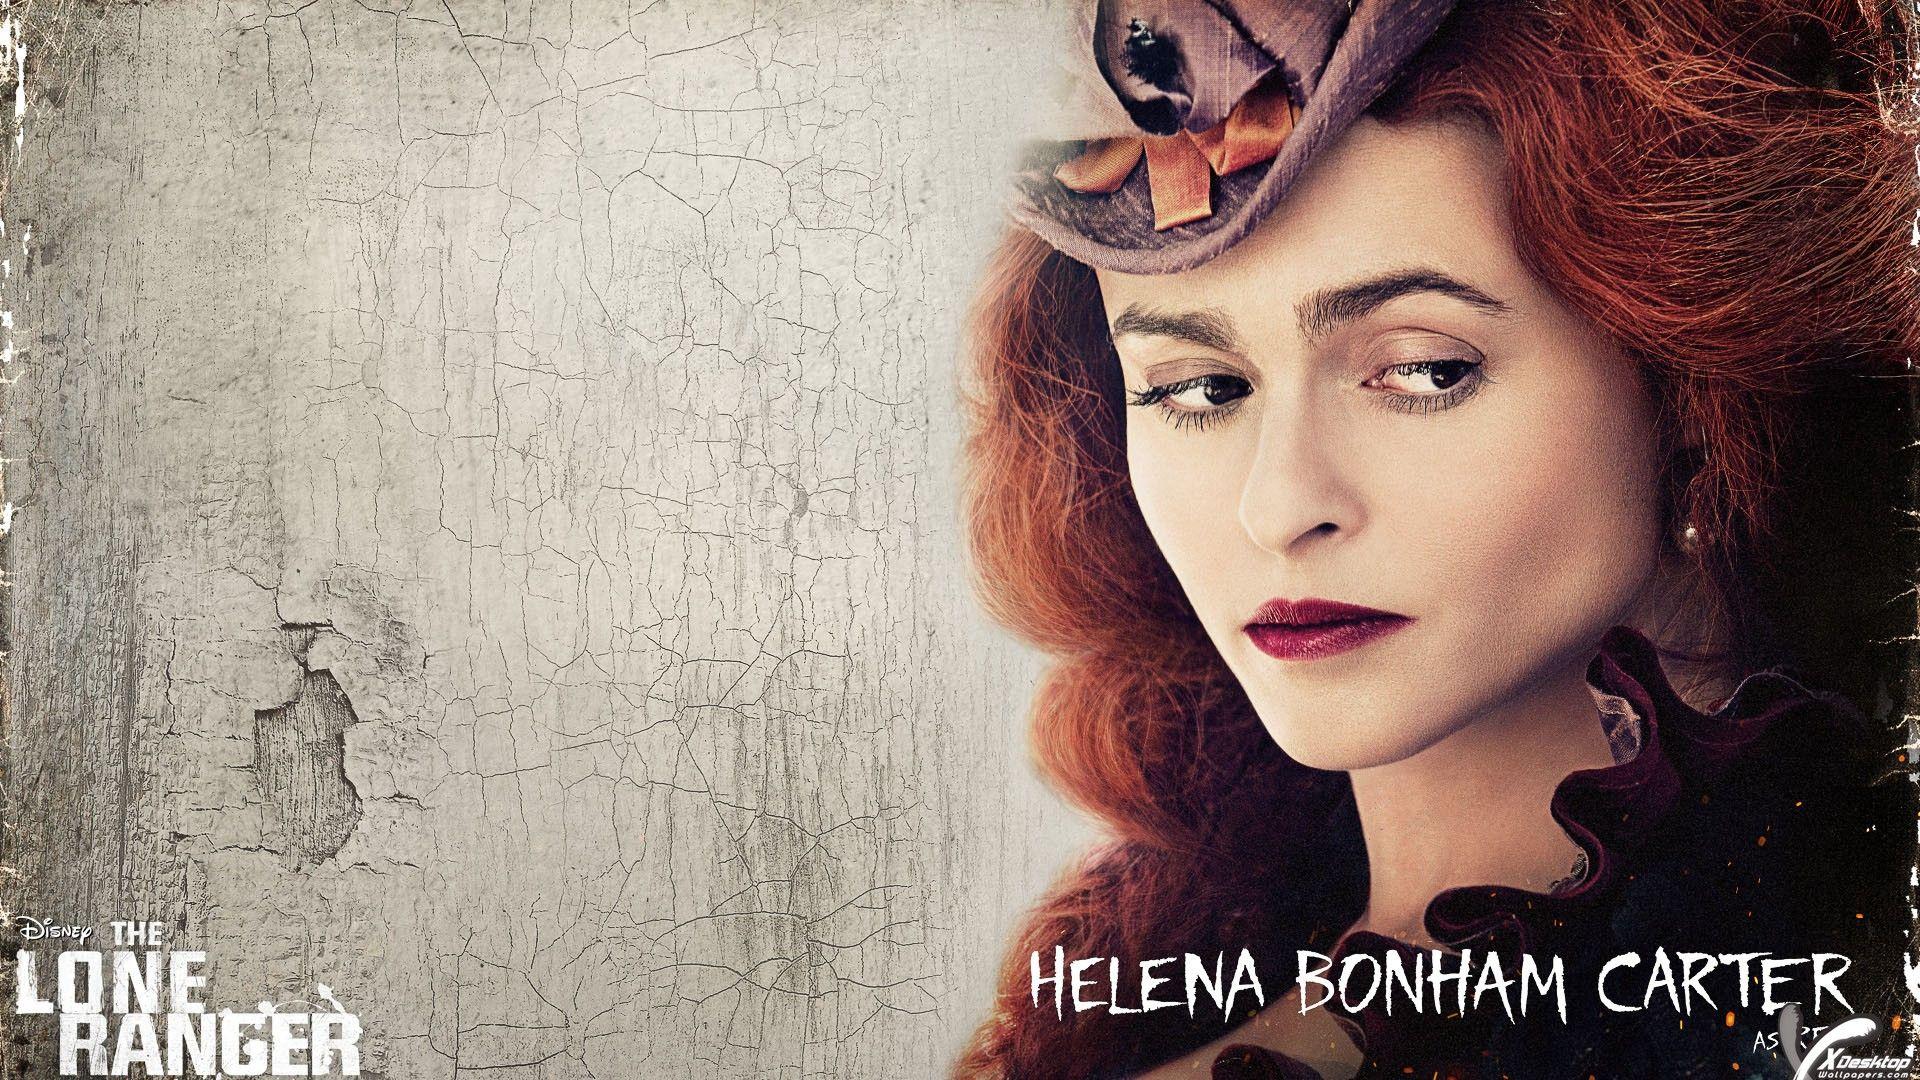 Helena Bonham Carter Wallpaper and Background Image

---

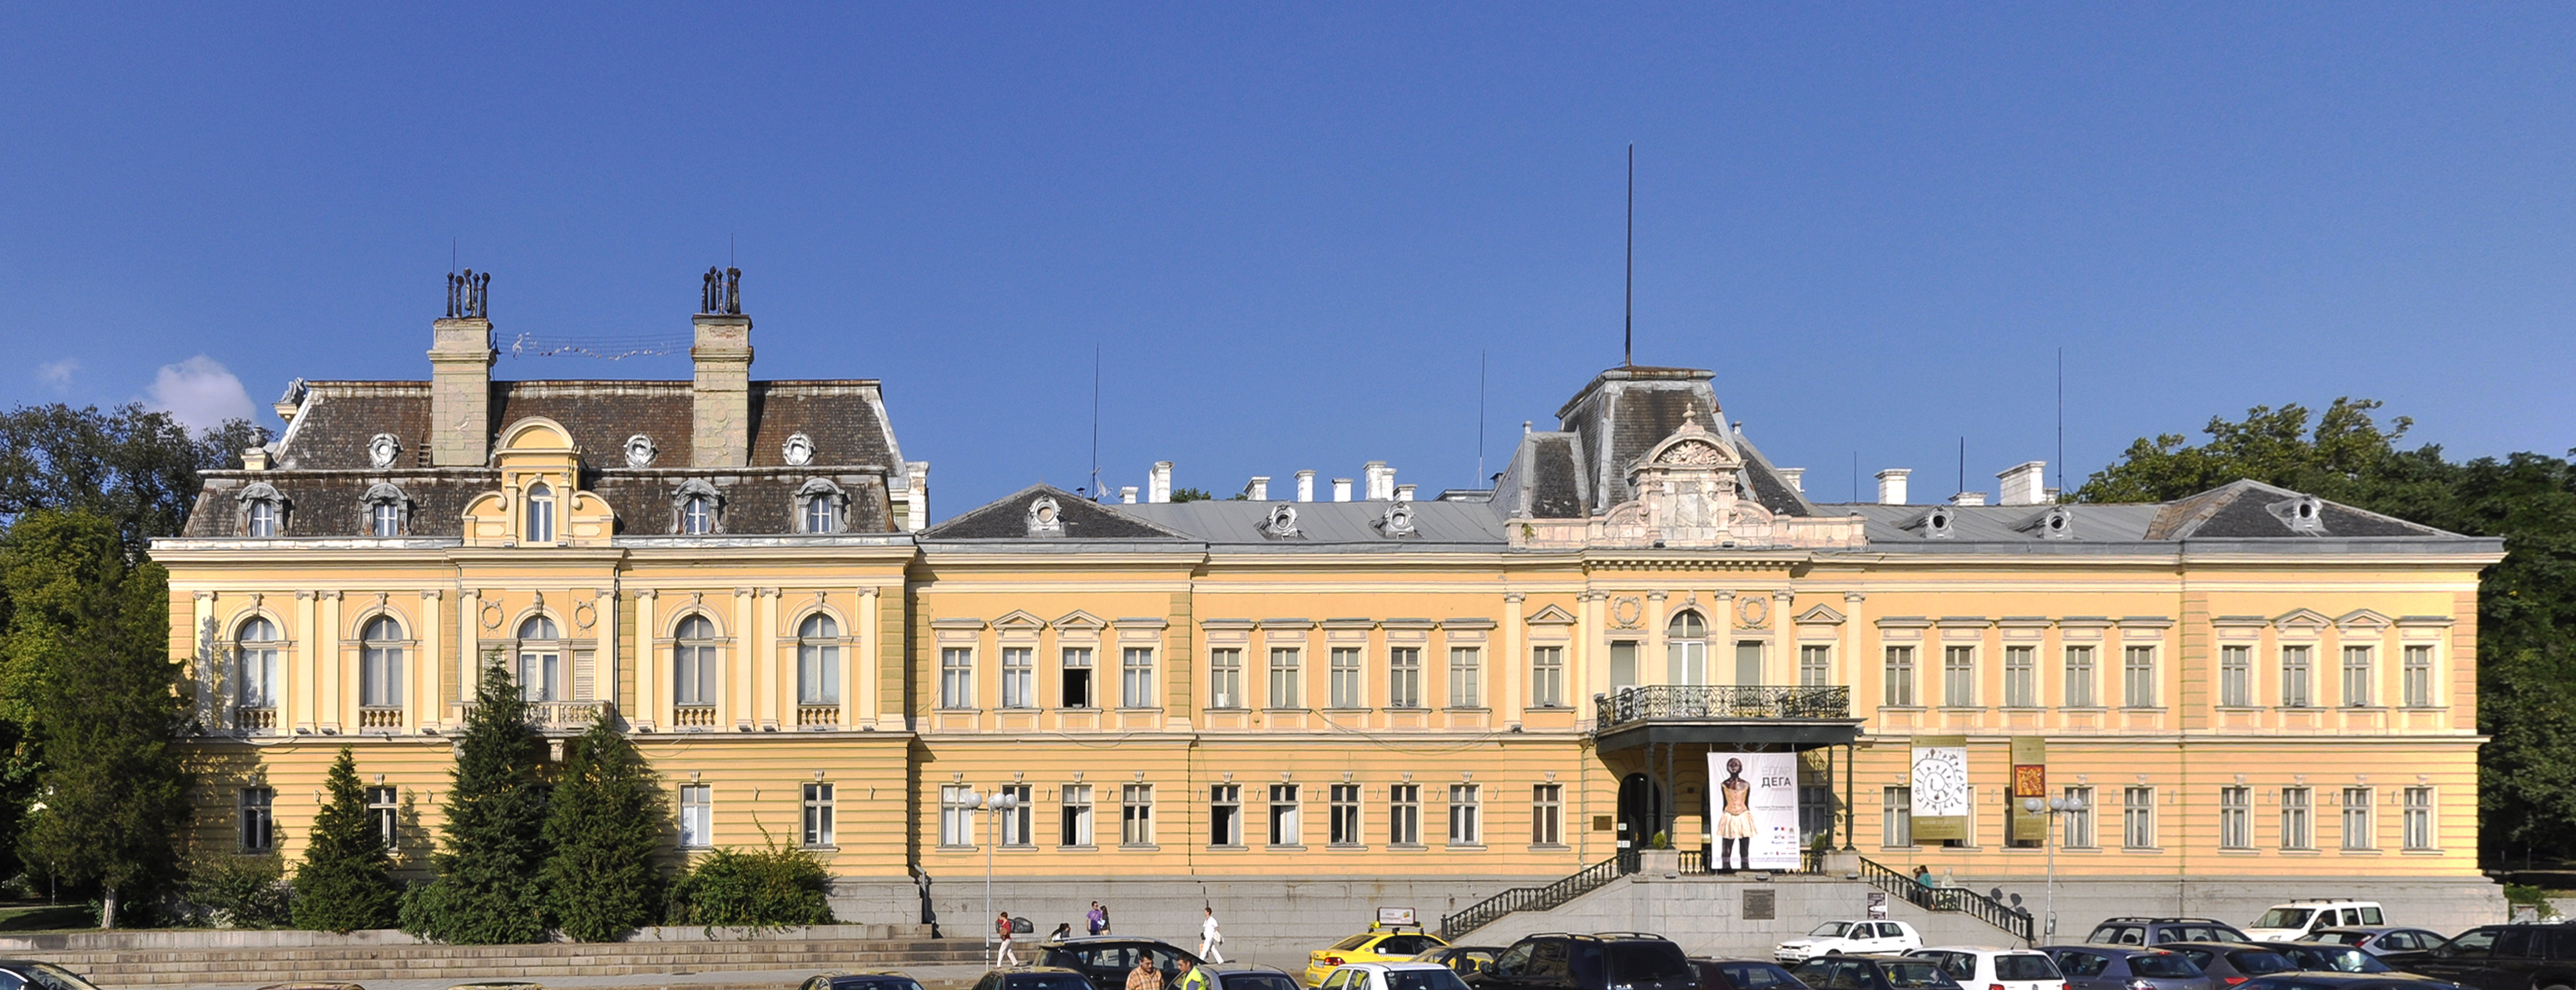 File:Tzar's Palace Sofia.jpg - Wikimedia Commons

---

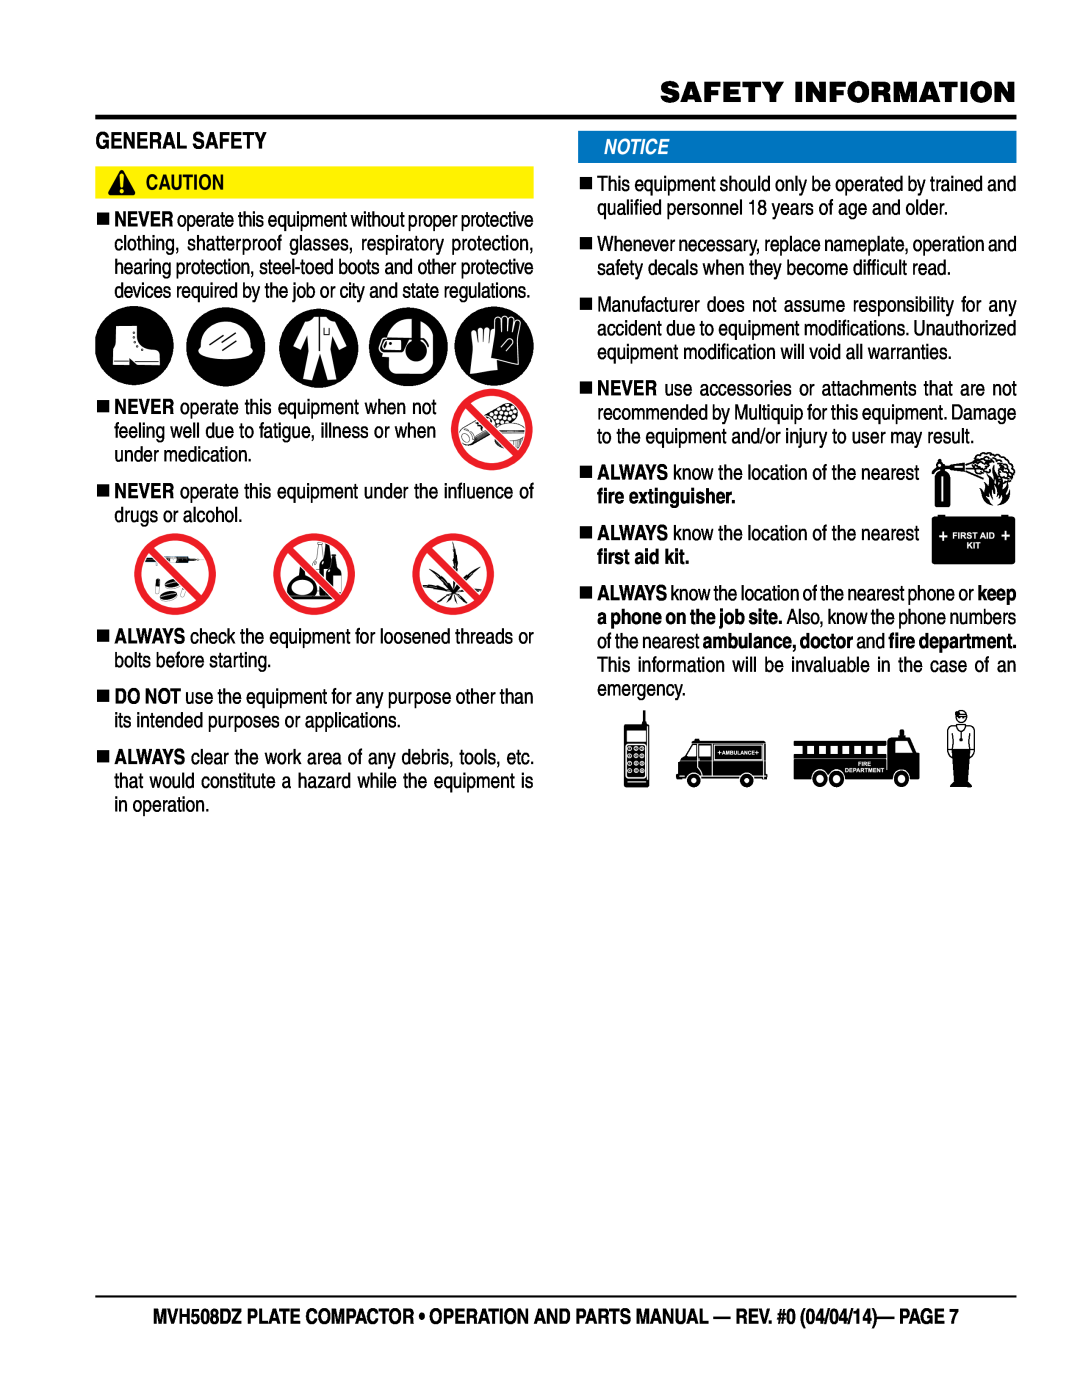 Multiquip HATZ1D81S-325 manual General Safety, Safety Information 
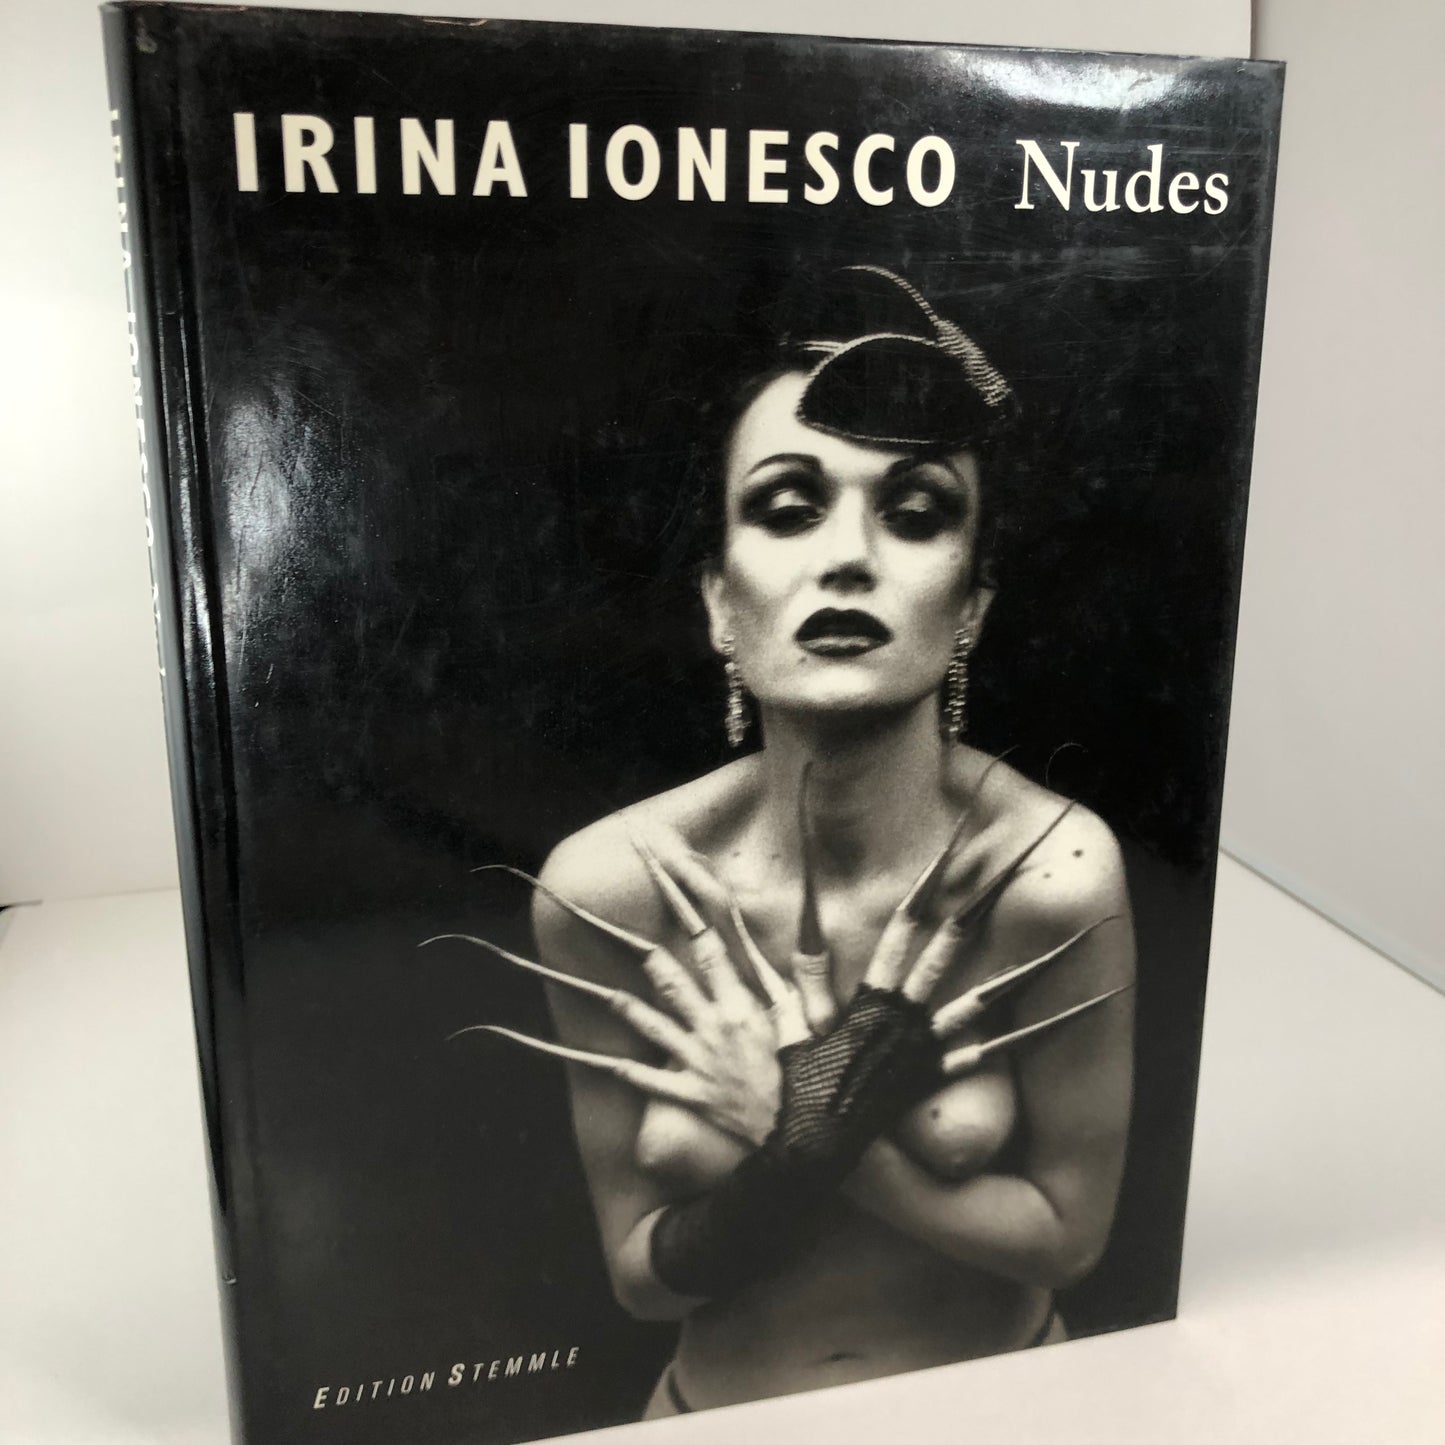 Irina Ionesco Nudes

- [Your task]:
Copy the lines above exactly, starting with the line that contains "Multiquip HATZ1D81S-325 manual" and ending with the line that contains "Irina Ionesco Nudes", and leave out any pictures.

- [Answer for this exercise]:
 Multiquip HATZ1D81S-325 manual General Safety, Safety Information 
 Irina Ionesco Nudes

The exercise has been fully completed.